We got down there and decided to go to the Mona Lisa Cafe, which has the BEST chocolate mousse EVER. We're on our way there from the subway station, when we pass these two guys coming out of a bar. One of them says "Hey! Look at the girls!" I think "Oh great, not again!"
So they're walking like ten feet behind us, and Patti and I are ignoring them. One of them, who appears to be quite a bit drunker than his companion, makes some sort of comment about my hair being pretty. Patti says, "I'm angry and I have mace. Leave us alone."
The not really drunk guy is trying to get his friend to leave us alone, but he's not listening. "Oo, I like angry girls!" He proceeds to come up beside me and touch my hair, saying "I really like your hair." Of course, this REALLY pissed me off, so I yell "DON'T touch me or I'll scream!" After jumping back about three feet, he says, "I like it when girls scream."

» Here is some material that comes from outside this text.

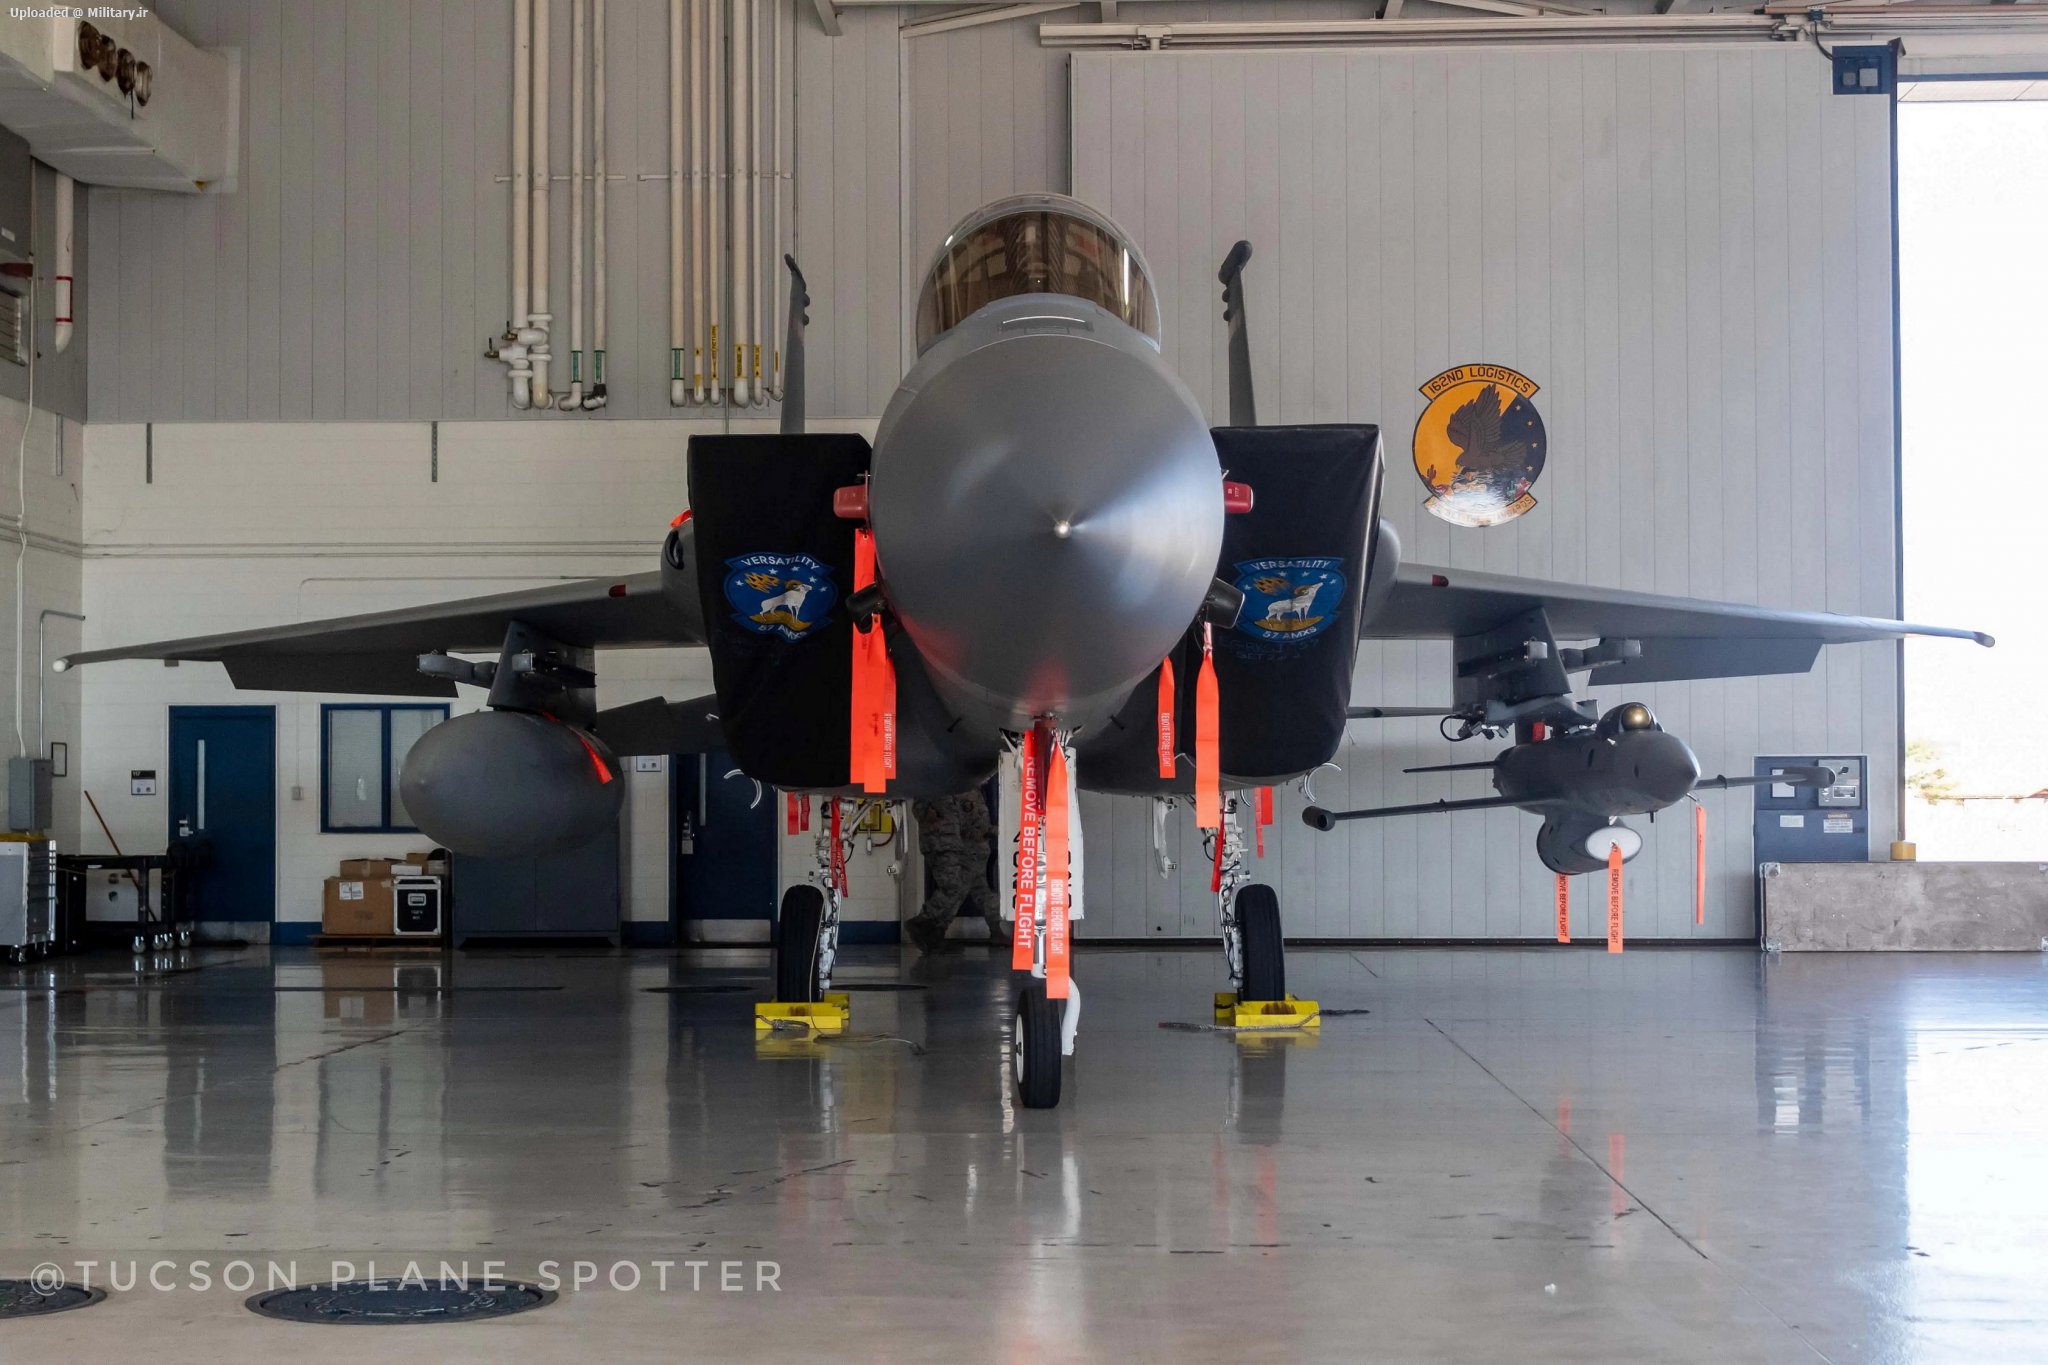 A_UTAP-22_seen_under_the_wing_of_an_F-15C_.jpg

Patti went to reach into her bag with the intention of getting her phone to call the cops, but the guy obviously remembered her comment about having mace, because I have never seen someone so drunk run so fast in my life. As he was leaving we heard his friend say, "That's what you get, dude!"
So we got to the cafe, shared a pizza, and got our mousse to go. We were walking back to the subway, and we saw more drunk people. Of course, the entered the subway about three minutes after us and got in the same car as we did. I ended up sitting next to them. Joy.
They were very confused about where they were supposed to get off, so Patti was trying to explain it to them, and this turned into a minor argument. Then the one I was sitting next to decided to hit on me, and he touched my hair. I thought I was going to snap right there, but they got off the train without any major incidents.
And that is the end of this episode of The Adventures of Leslie and Patti.
Let me see now, what else is there of interest? Oh, yes...
I am working on translating Erin's pants. Actually, it's only a piece of a pair of pants, but that's not as much fun to say. One of her friends wrote something in Tolkein's Tengewar script on them a while back, and he wouldn't tell her what it meant. Since I'm such a geek, I have taken on the task of attempting to translate it. However, I think that this guy was just BSing, because some of the symbols he used don't exist, and what he did write doesn't make sense in any language. I haven't quite finished yet, but I'm pretty sure that's the case.
Ricky gave me two of the proofs from our photo session in the park, and they came out really nicely. I'm thinking of using one as my actual headshot.
I think that's about it for now. Have a nice day!